Nintendo showed off six of these 1-2-Switch minigames today, but only gave attendees tickets to check out three of them. I decided to play the ones with the shortest lines, because even as a British person living in Japan, queuing is not my idea of a great party. This approach led me to end up fighting a samurai, eating a sandwich, and milking a cow.
For the samurai game, one player is on offense and the other on defense; the attacker swings their sword and the opponent has to try to “catch” it by clapping their free hand to the controller. It’s kind of like longtime Verge favorite Johann Sebastian Joust in that the fun comes from feinting actions and trying to force other players into errors through your own body movement. I didn’t play nearly enough to judge the accuracy of the controllers or the long-term depth of the game, but it’s a good example of the vibe that Nintendo seems to be going for with 1-2-Switch: think Wii Sports meets WarioWare.
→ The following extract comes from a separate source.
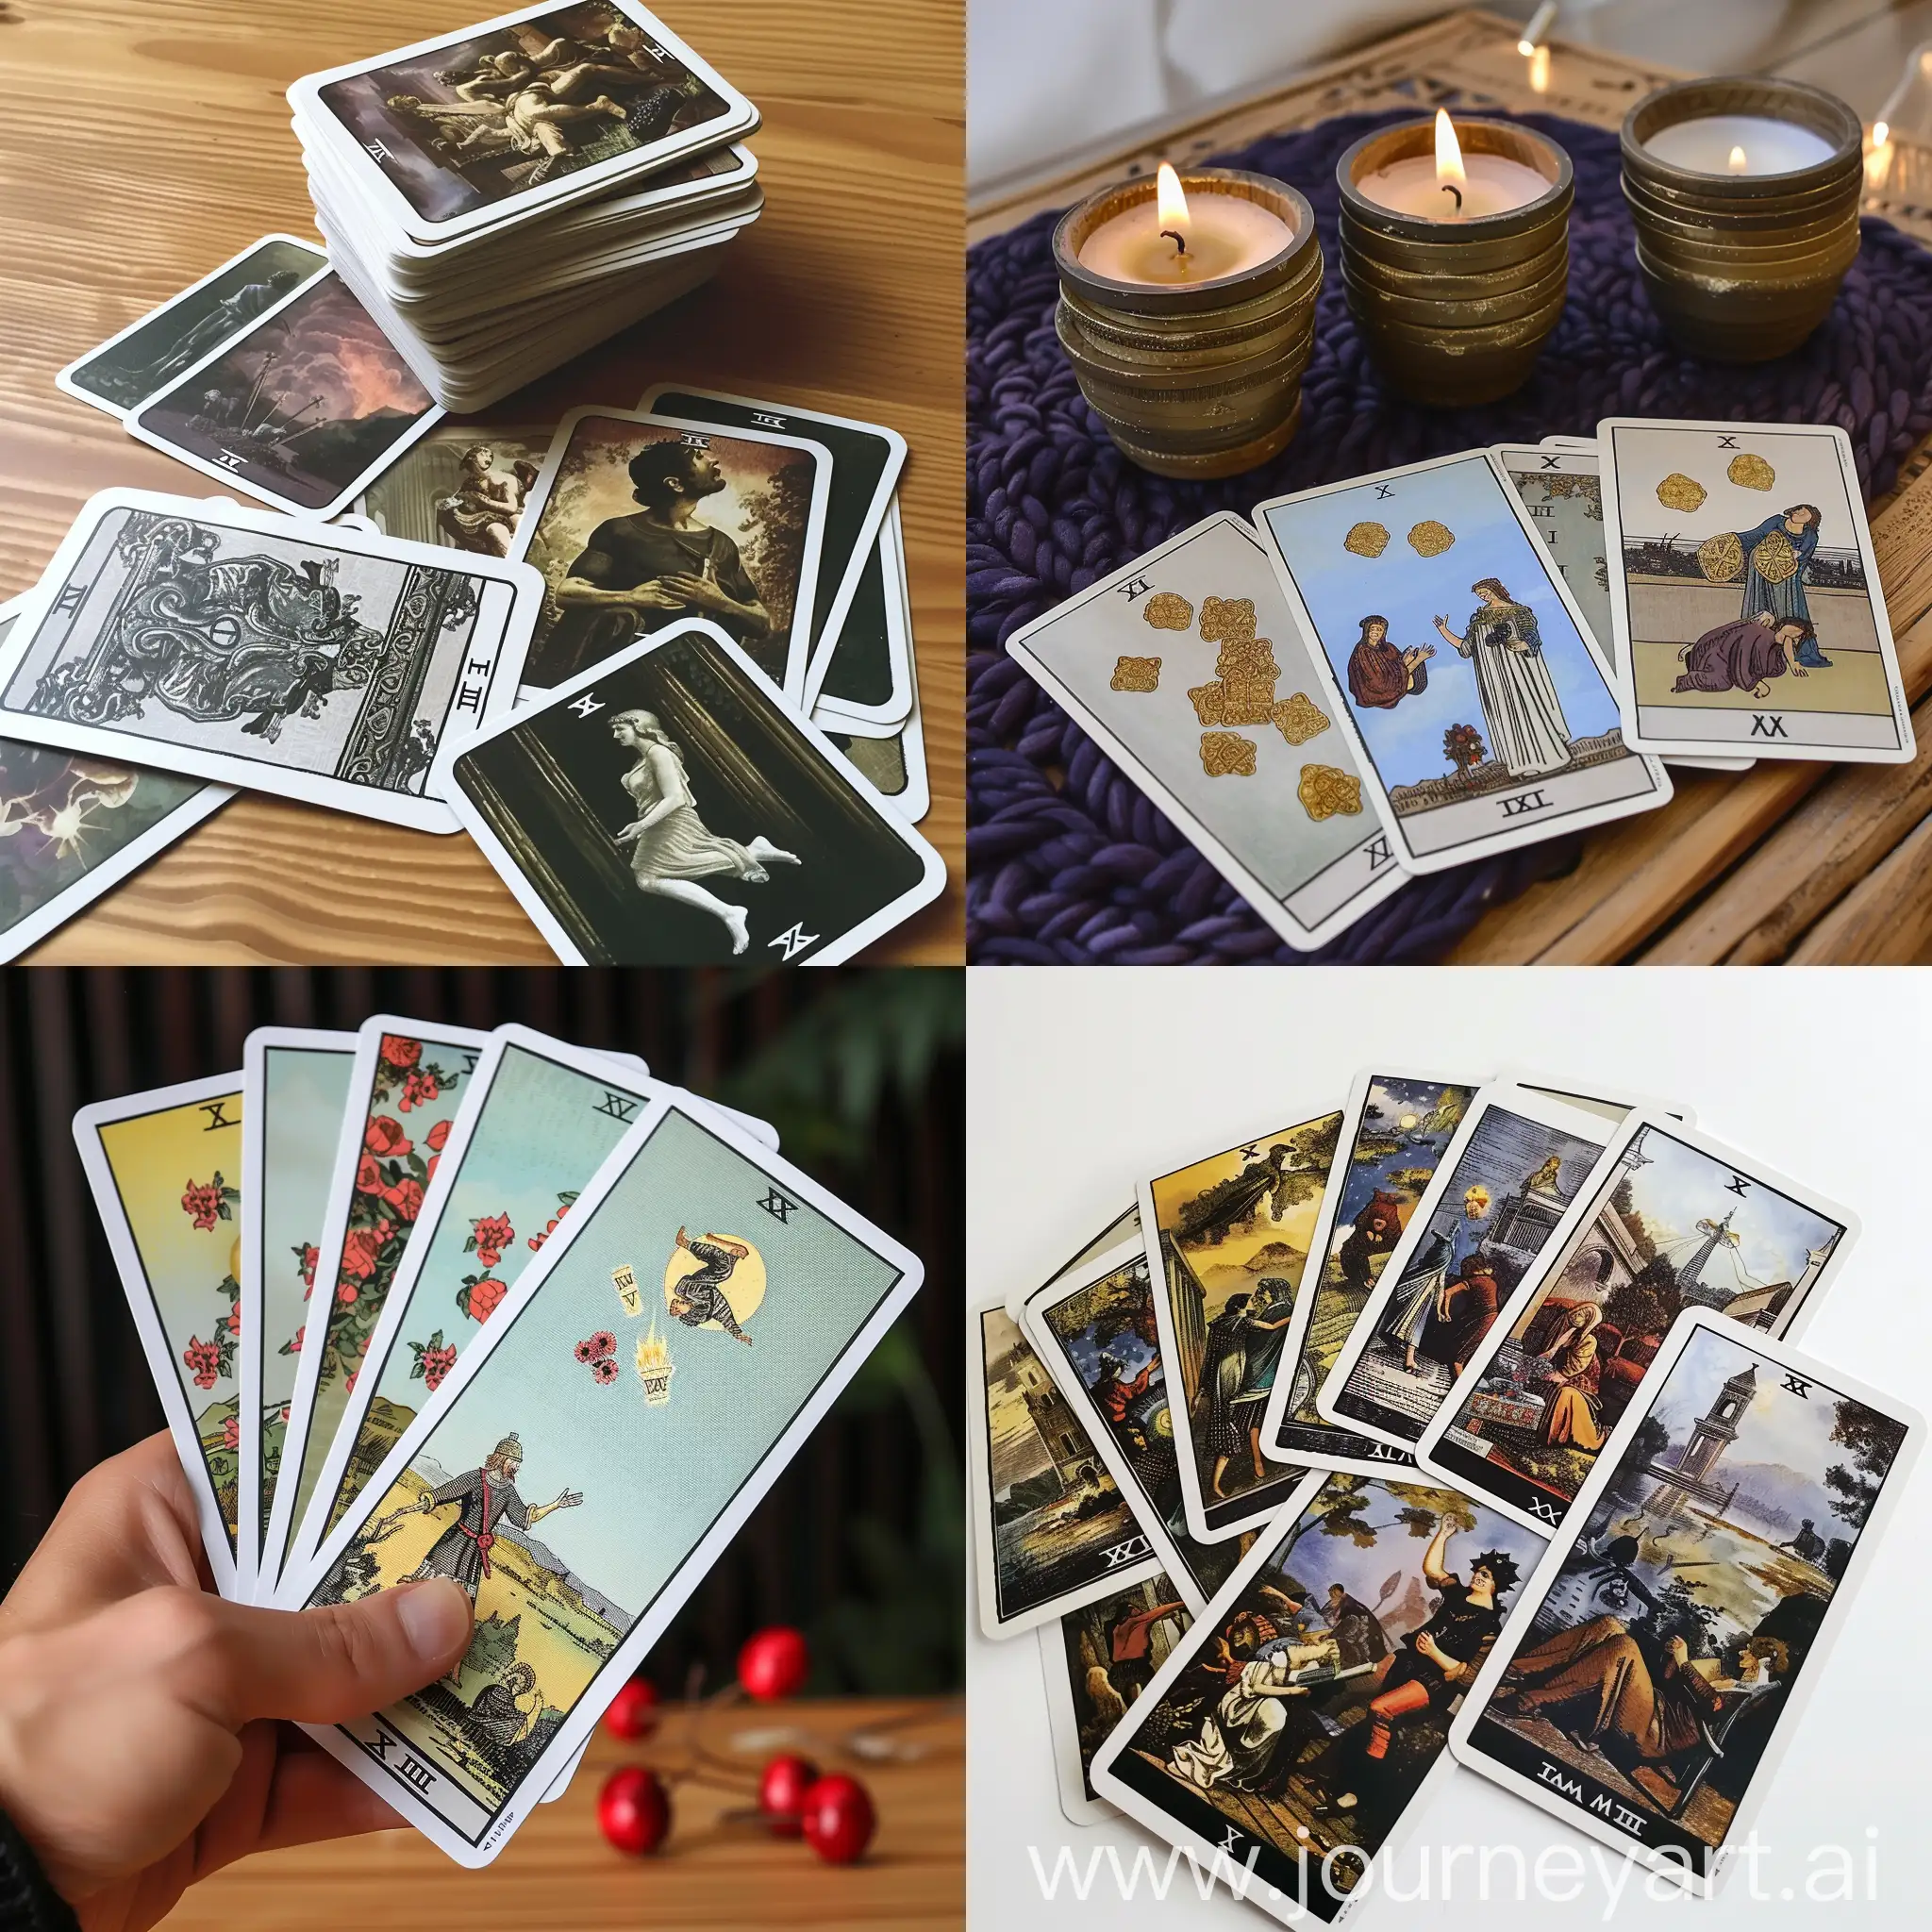 Tarot-Cards-Spread-on-Table

The other two games I played were even stranger. The cow-milking game saw me sitting on a stool facing my appropriately dressed opponent, who helpfully gestured to the thin air next to us and said “There’s a cow here.” We had to compete against each other to milk as much… milk as possible by moving the Joy-Con downwards while pressing shoulder buttons one after another in a single smooth motion. Again, it’s hard to judge the level of depth here, but I did apparently get the second-highest score of the day on my first try despite never having milked an actual cow before, so make of that what you will.
The eating contest game, meanwhile, uses a different method of control entirely: the IR camera at the end of the right-hand Joy-Con. You have to hold it about five centimeters in front of your mouth, wait for it to detect your face, then chomp as quickly as you can to make it through a series of virtual subs. It seemed to work pretty well, though this game was more of a solo experience — since only one of the Joy-Cons has the camera, you’d need two sets for simultaneous multiplayer, so I imagine most people will be taking turns for the sections of 1-2-Switch that use similar control mechanics.
Other games on display involve a Western-style quick draw duel and one where you have to figure out the number of “balls” rolling around inside your controller using its haptic feedback capability. The complete list of games is more extensive than what Nintendo was showing today, but it’s not clear exactly how many there are.
1-2-Switch is obviously deeply silly, and not the kind of thing you’re going to sit down and play for hours. But it’ll likely be a popular game for the Switch at launch, following in the tradition of Nintendo titles that introduce new players to their console’s technology while experimenting with its limits. It’s available alongside the Switch on March 3rd.